Tocqueville vaut sans doute mieux que les exégèses filandreuses de ses thuriféraires libéraux d’aujourd’hui (Manent, Gauchet...) dont les interprétations changeantes selon les besoins politiques du moment leur permettent surtout l’accumulation d’un capital symbolique à faire fructifier pour conquérir et maintenir des positions dominantes dans un champ idéologico-politique où rivalisent des agents tels que des idéologues de cour, des exégètes demi-savants, des intellectuels pour médias ou des journalistes à prétentions intellectuelles. Le principal dogme tocquevillien pose « l’autonomie première des individus qui s’assemblent dans un second temps pour délibérer quant à la forme du contrat qui les réunit » (Gauchet).

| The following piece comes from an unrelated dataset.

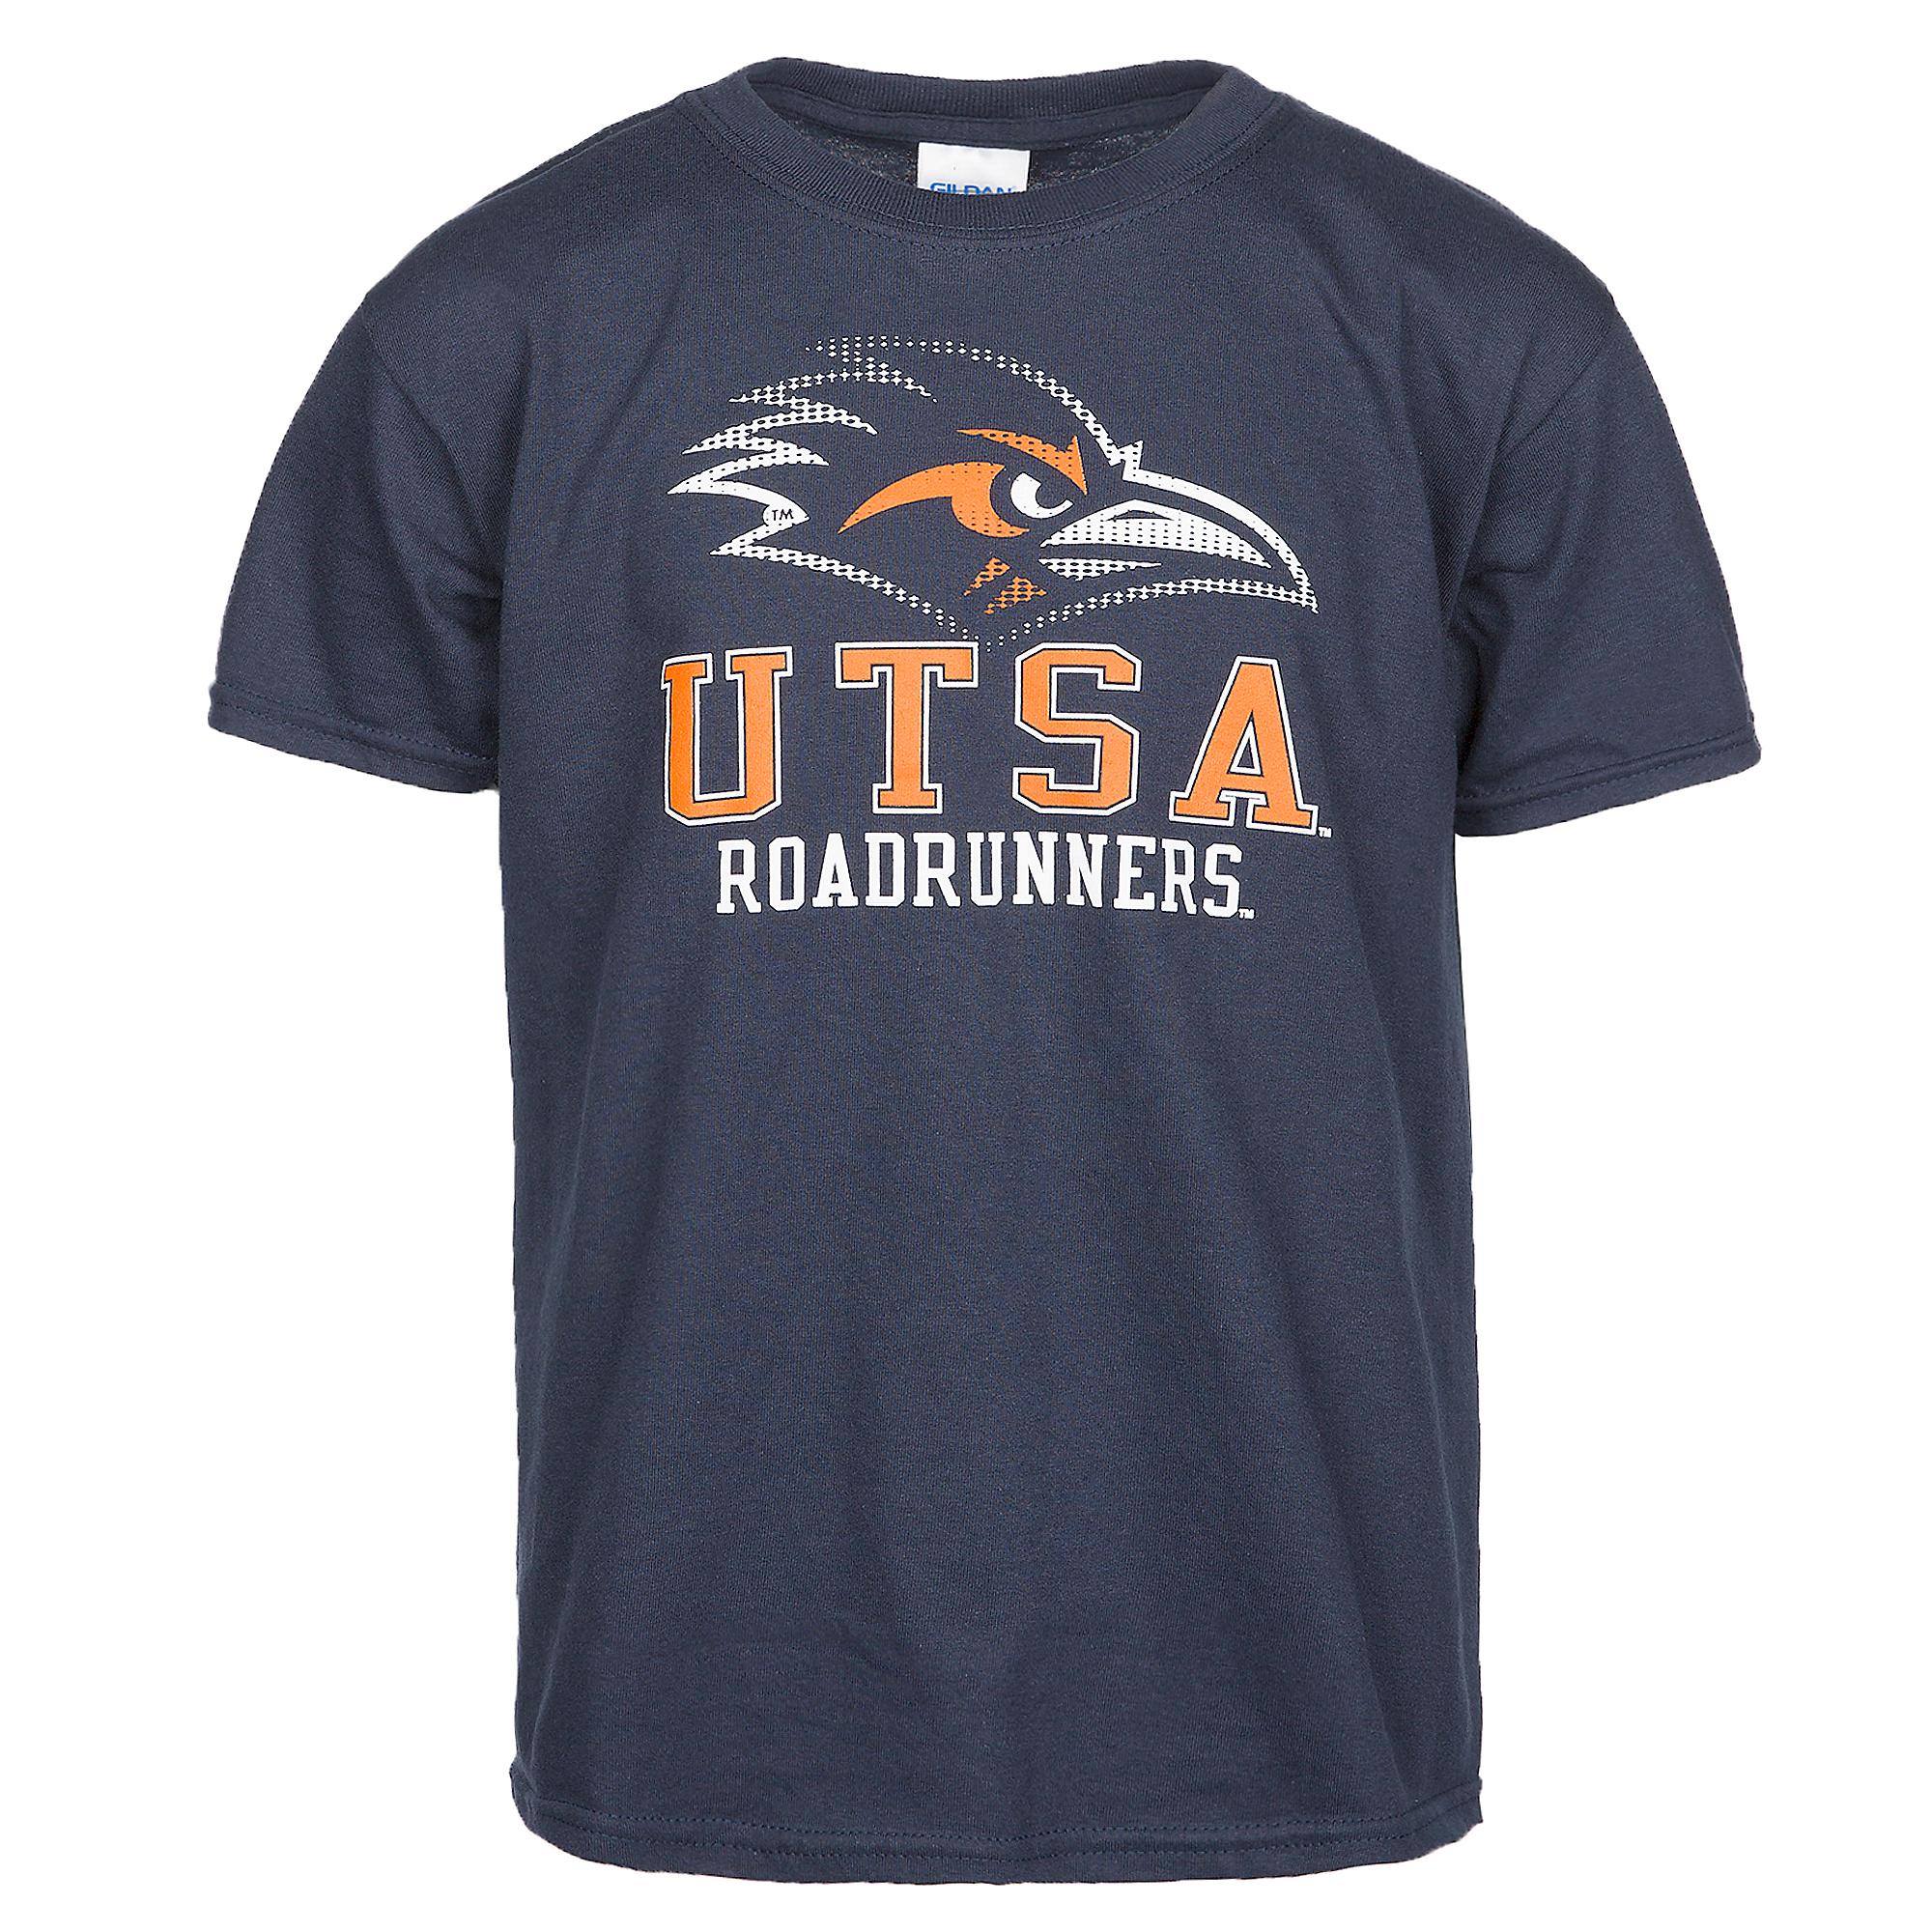 UTSA Roadrunners J.America Youth Mascot Tee

Cette délibération repose sur la fameuse égalité des conditions, notion surestimée par laquelle Tocqueville ne fait que prendre acte de la fin de la prééminence de l’aristocratie dans l’ordre social et politique. Elle s’accommode fort bien de l’inégalité des fortunes et n’empêche nullement de professer un solide mépris du peuple. Le libéralisme appliqué de Tocqueville tel qu’il apparaît dans ses Souvenirs, sa réaction à la révolution de 1848, son Travail sur l’Algérie, son Mémoire sur le paupérisme... est d’une navrante platitude bourgeoise. Dans le Mémoire sur le paupérisme, il argumente vigoureusement contre toute assistance officielle aux pauvres: il faut, écrit-il, avoir « le courage de contraindre à des efforts productifs la portion la plus inactive et la plus vicieuse de la population ». Il déplore qu’on ne puisse « oser laisser mourir de faim le pauvre parce que celui-ci meurt par sa faute » et appelle de ses vœux
« l’homme intrépide » qui pourrait exercer ce « terrible pouvoir »! D’ailleurs, les pauvres abusent de la charité publique tel ce vieillard à la figure « fraîche et vermeille » ou ces jeunes femmes « à l’insouciance effrontée, sans signe d’hésitation ni de pudeur, qui s’enrichissent par leurs vices mêmes », ce qui prouve bien que les secours publics facilitent « l’inconduite des femmes des basses classes »!
Sous des oripeaux de circonstances, le libéralisme reste ce que Jean-Claude Michéa, paraphrasant Marx, appelle une « apologie glaciale de l’égoïsme individuel » (L’Empire du moindre mal, 2007). Jusqu’à l’inhumanité!